Через мгновение она закрыла рот, поднялась и подошла к письменному столу, уселась, взяла стиль и восковую табличку.
– Я не слишком-то верю в философию, – проговорила Самар Дэв, записывая слова. – Но всё равно не уйду от темы… когда она мне влетает прямо в лицо. И писательница я не слишком умелая. С предметами я управляюсь лучше, чем со словами. Впрочем, ты, похоже, обладаешь неожиданным талантом к… хм… убедительной краткости.
– Ты слишком много болтаешь.
– Несомненно.
Самар закончилась записывать свои собственные, неожиданно глубокие слова – ставшие глубокими только потому, что Карса Орлонг увидел им куда более широкое применение, чем то, которое она сама подразумевала изначально. Самар помолчала. Очень хотелось сбросить его гениальность со счетов как слепой случай, удачу или даже раздутую ложную мудрость благородного дикаря. Но что-то ей подсказывало, что Карсу Орлонга уже недооценивали в прошлом, и Самар Дэв поклялась себе не прыгать в ту же ловчую яму. Отложив стиль, она поднялась.
– Я пойду осматривать демона, которого ты убил. Составишь мне компанию?
– Нет, я его и в первый раз хорошо осмотрел.
Она подняла кожаный ранец со своими хирургическими инструментами.
– Оставайся внутри, пожалуйста, и постарайся ничего не сломать.
– Как же ты зовёшь себя изобретателем, если не любишь ломать целое?
Уже в дверях Самар остановилась и оглянулась на него. Даже в этом, самом высоком покое башни Тоблакай почти касался головой потолка. И было что-то… в его глазах.
– Постарайся не ломать мои вещи.
– Хорошо. Но я голоден. Принеси ещё еды.
Труп рептилии лежал на каменном полу одной из пыточных камер, расположенных в дворцовом подвале. Охранять чудовище поручили отставному выпытывателю. Самар Дэв обнаружила, что он спит в одном из углов комнаты. Не обращая внимания на его храп, она расставила вокруг огромного тела четыре зажжённые лампы, которые принесла сверху, затем опустилась на колени и открыла ранец, чтобы извлечь наружу набор отполированных хирургических инструментов.
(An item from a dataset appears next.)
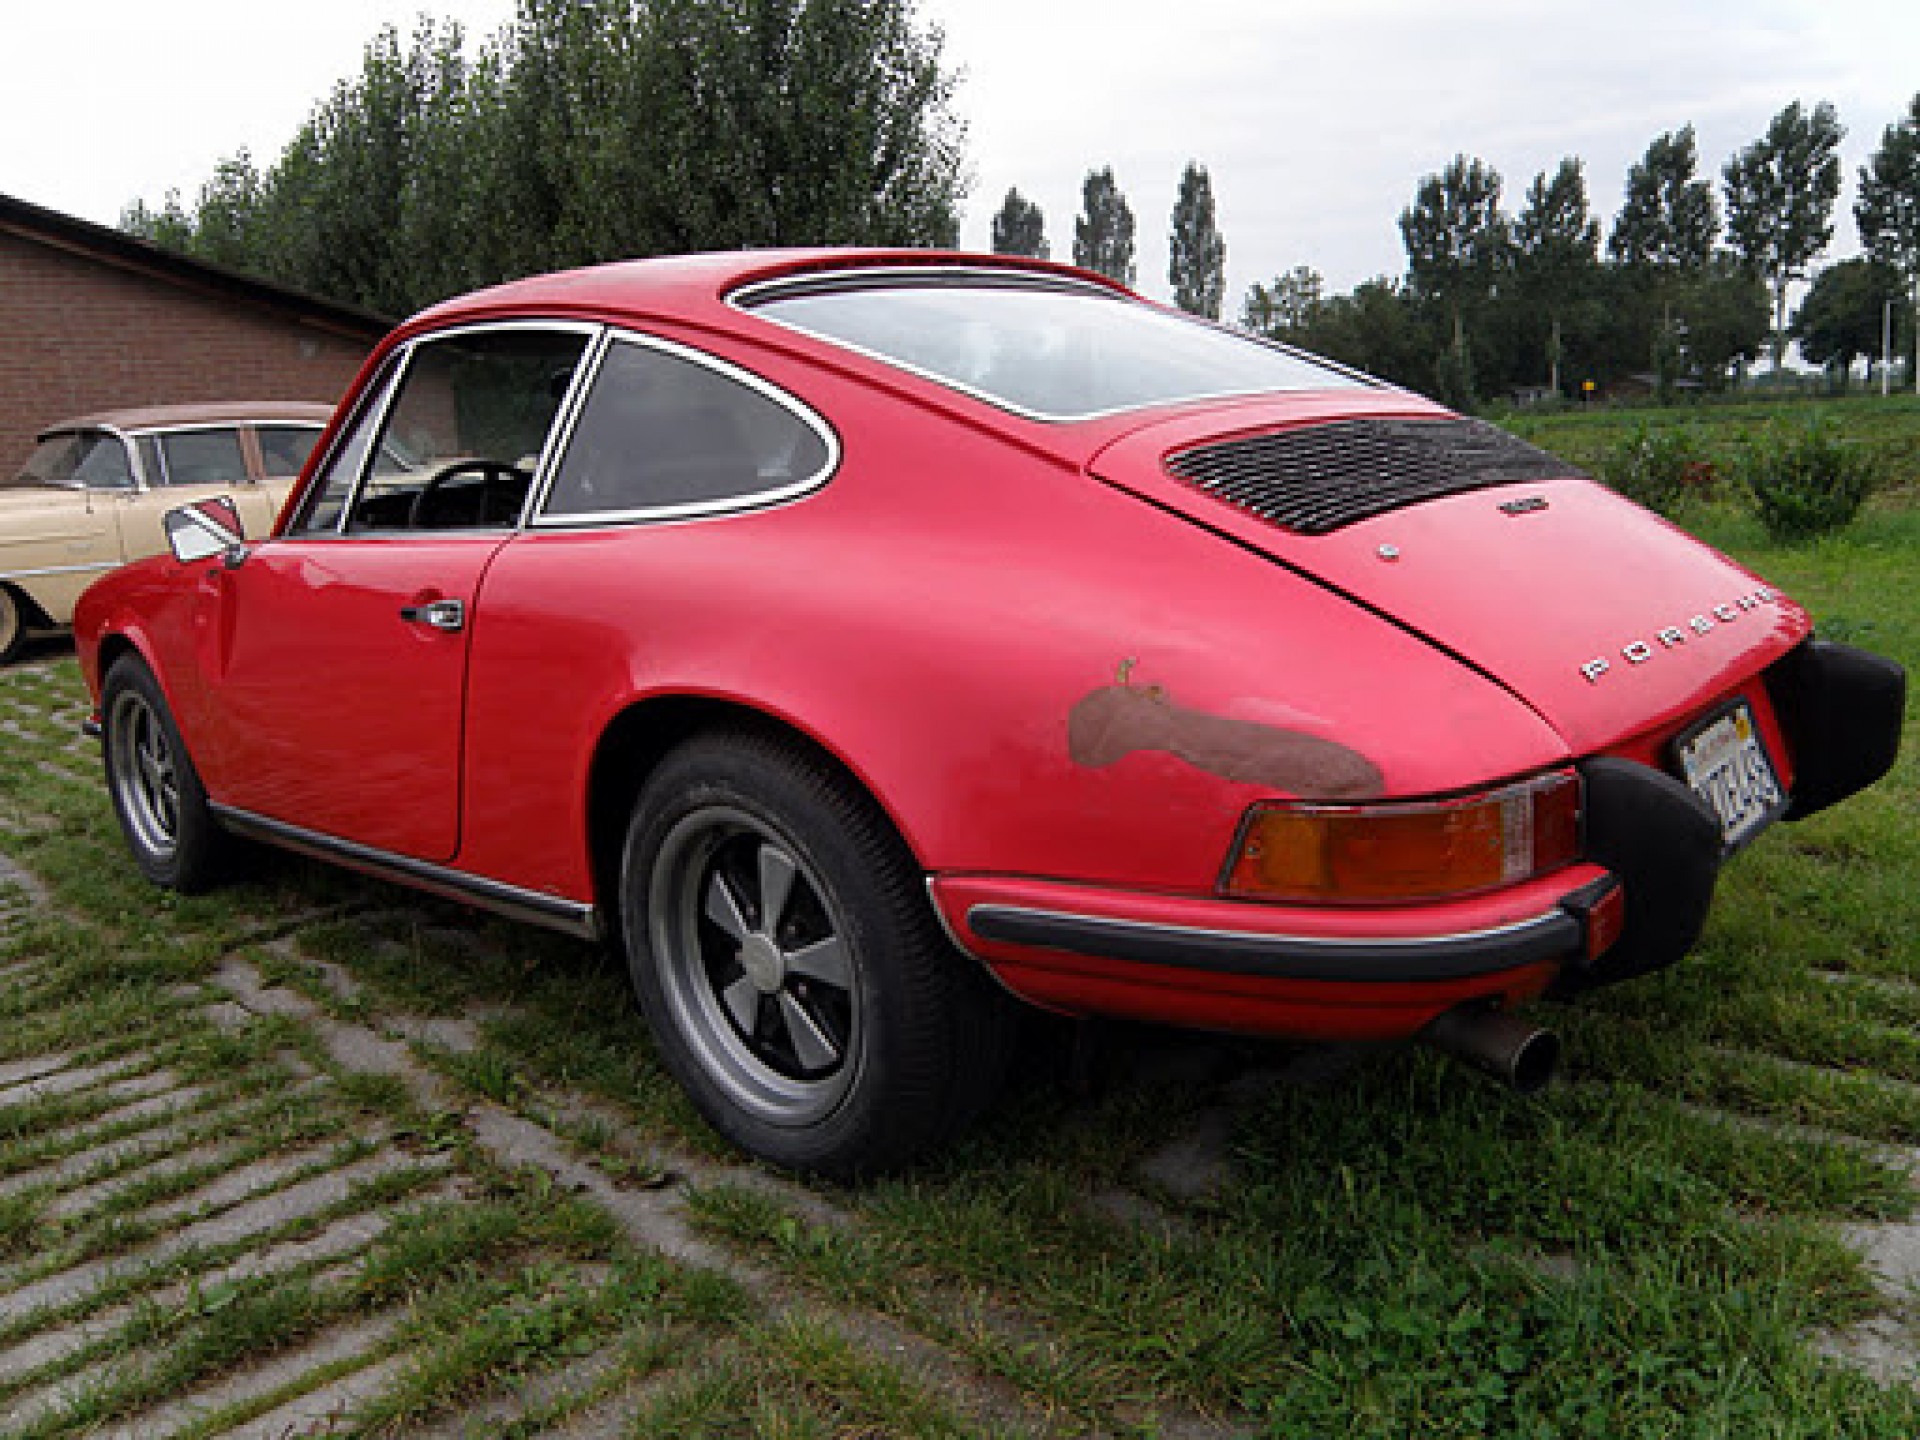 Porsche Classic Cars | Porsche oldtimers for sale at E & R ...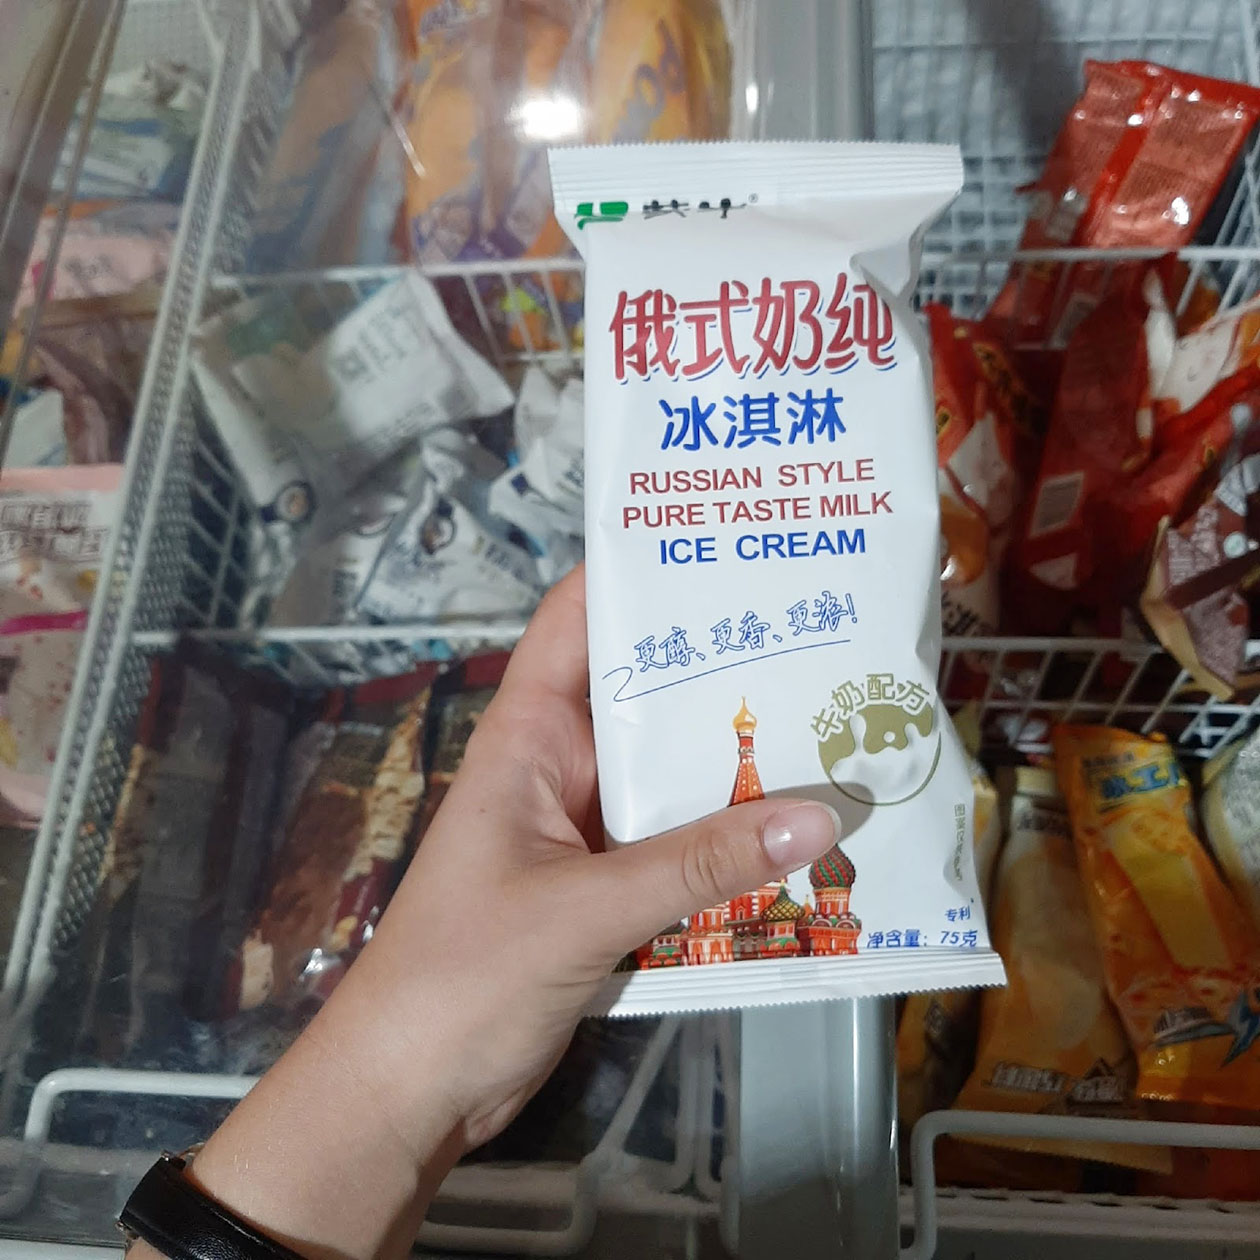 Молочных продуктов в Китае мало, зато в обычных супермаркетах попадаются товары как в России. На этом фото — мороженое в русском стиле

Завершив приготовления, Самар Дэв наконец сосредоточила своё внимание на трупе демона.
Зубы, челюсти, прямо направленные глаза, все признаки крупного хищника, вероятнее всего, засадного охотника. Однако это вовсе не простой речной ящер. За надбровными дугами вытянутый череп расширялся. Крупные затылочные выступы и сам объём черепной коробки говорили о разуме. Если, конечно, у этого ящера кости не слишком толстые.
Самар срезала изодранную, покрытую запёкшейся кровью кожу, чтобы осмотреть обломки черепа. Нет, не слишком толстые. Судя по разломам, Карса Орлонг измолотил его кулаками. И проявил при этом поразительную силу – и не менее поразительную целеустремлённость. Мозг – запятнанный кровоподтёками и смятый кое-где обломками черепа – оказался очень крупным, хотя и устроен был явно иначе, чем человеческий. Долей, к примеру, было больше. На шесть больше, если точно, все они скрывались под тяжёлыми выступами по сторонам, рядом с двумя крупными, пронизанными сосудами массами, ткани от которых уходили к глазам. Следовательно, эти демоны видят мир иначе. Возможно, более пóлно.
Самар извлекла один изувеченный глаз и с удивлением обнаружила два хрусталика – один выпуклый, другой вогнутый. Их она отложила, чтобы хорошенько рассмотреть позднее.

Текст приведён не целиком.